The Oxford Advanced Learner’s dictionary has an appendix called “Defining Vocabulary”. It says:
“In order to make the dictionary definitions easy to understand, we have written them using only the words in the following list.
[…]
Occasionally it has been necessary to use in a definition a word not in the list. When such a word occurs it is shown in SMALL CAPITAL LETTERS.”
I estimate that list has about 3,500 words.
⇒ If you base your network on that dictionary or one carefully constructed like that, the graph could have a central core of about 3,500 nodes with the other words circling around it.

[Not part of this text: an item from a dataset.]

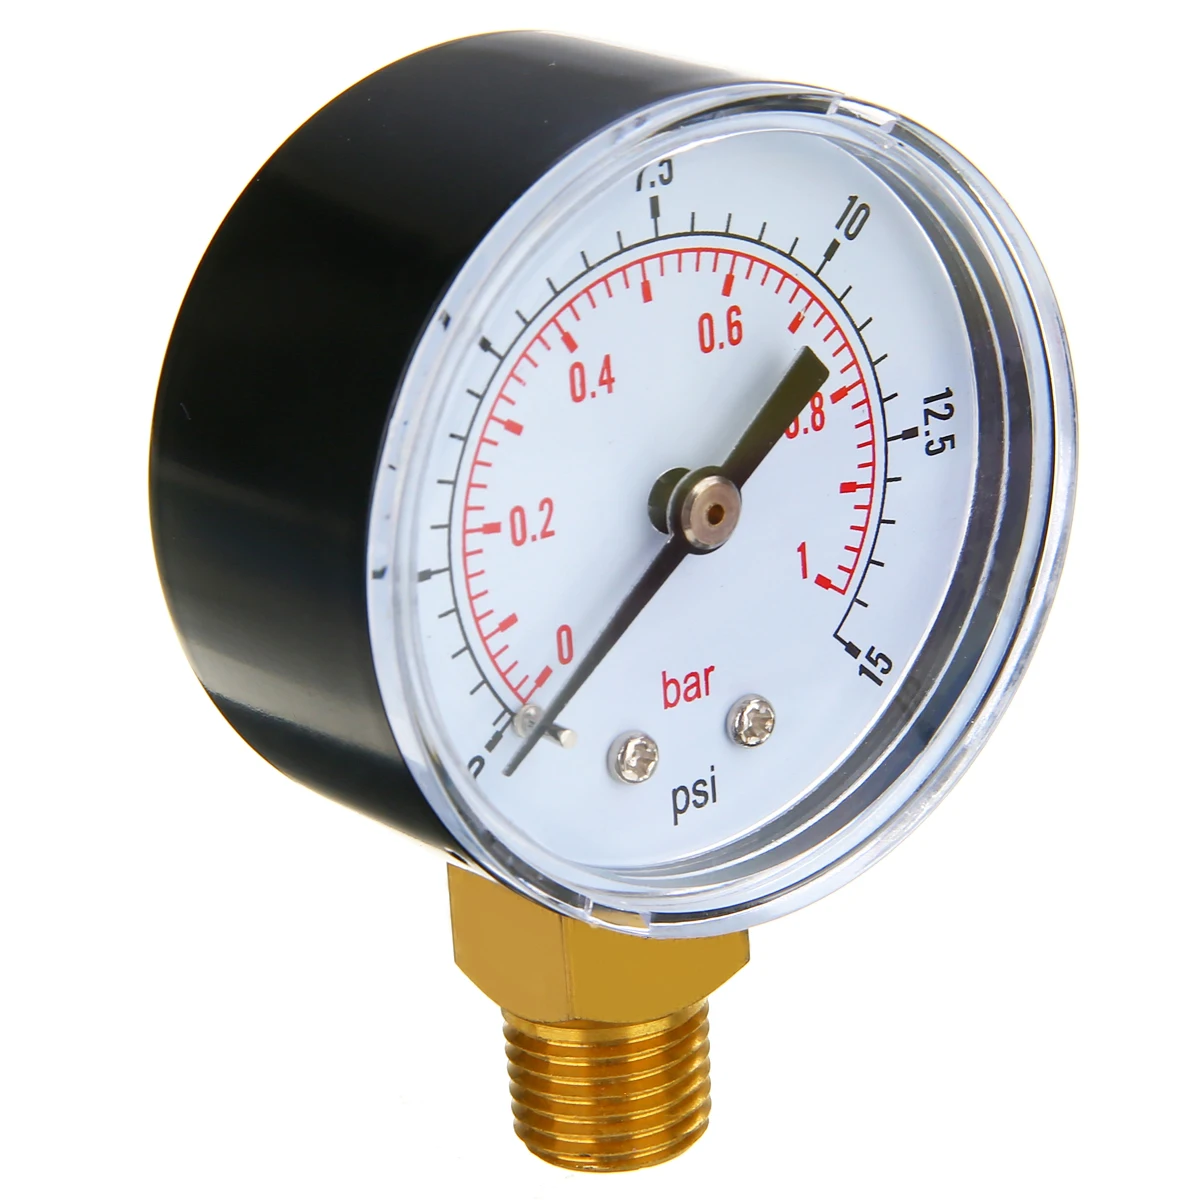 Accu-Gage RA15X Professional Tire Low Pressure Gauge 0-15 PSI Right Angle Chuck

Making a good visualization still would be a challenge, of course.
You can still browse it a bit online with some 3rd party sites: https://en-word.net/
(the link is broken though, it should be https://github.com/globalwordnet/english-wordnet)
which also uses WordNet:
https://en.wikipedia.org/wiki/WordNet
(which this is also using)
which was developed by Princeton w/ DARPA money as an early investigation into AI and so forth.
What am I missing?
My first thought was that the creator used a search library that filters common words by default, but the search code is all in the page and doesn't do that.

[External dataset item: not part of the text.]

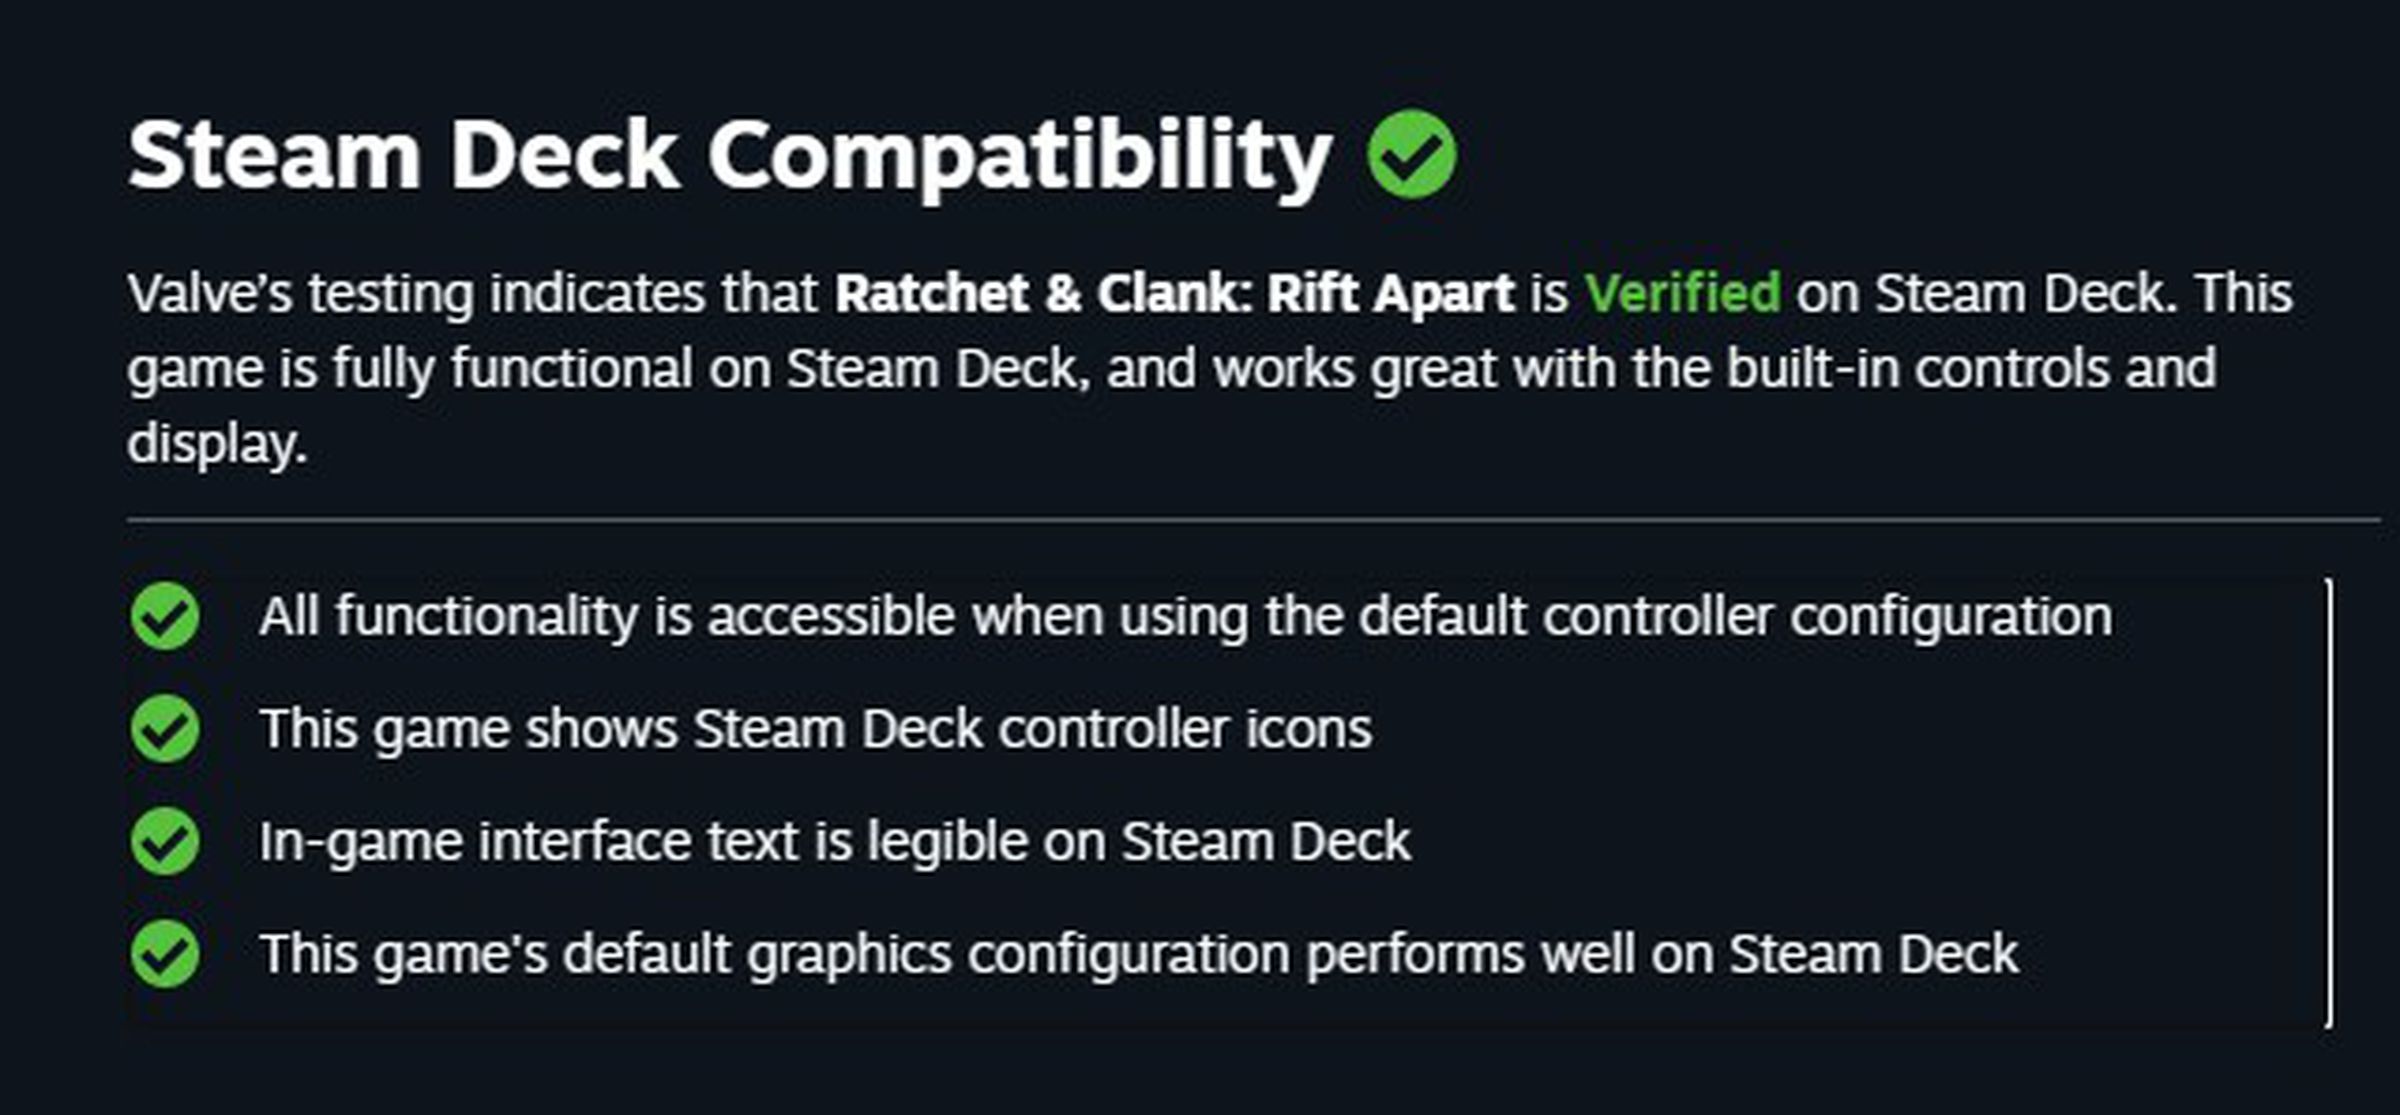 This game’s default graphics configuration performs well on Steam Deck

My second thought was that the 10k word corpus doesn't include those most common words. But it does.
Then I realized that the creator filtered them out. The page does say "7931 words", and the title here on HN says "10k* most common". The original corpus has exactly 10,000 words.
https://github.com/first20hours/google-10000-english/blob/d0...
The first 21 include all four we've mentioned:
the, of, and, to, a, in, for, is, on, that, by, this, with, i, you, it, not, or, be, are, from
From the old Princeton WordNet FAQ page (https://wordnet.princeton.edu/frequently-asked-questions):
> WordNet only contains "open-class words": nouns, verbs, adjectives, and adverbs. Thus, excluded words include determiners, prepositions, pronouns, conjunctions, and particles.
I suppose I could have included them as source nodes (only outgoing), but I think they would have ended up connecting to a whole bunch of definitions, while not providing much in the way of interest.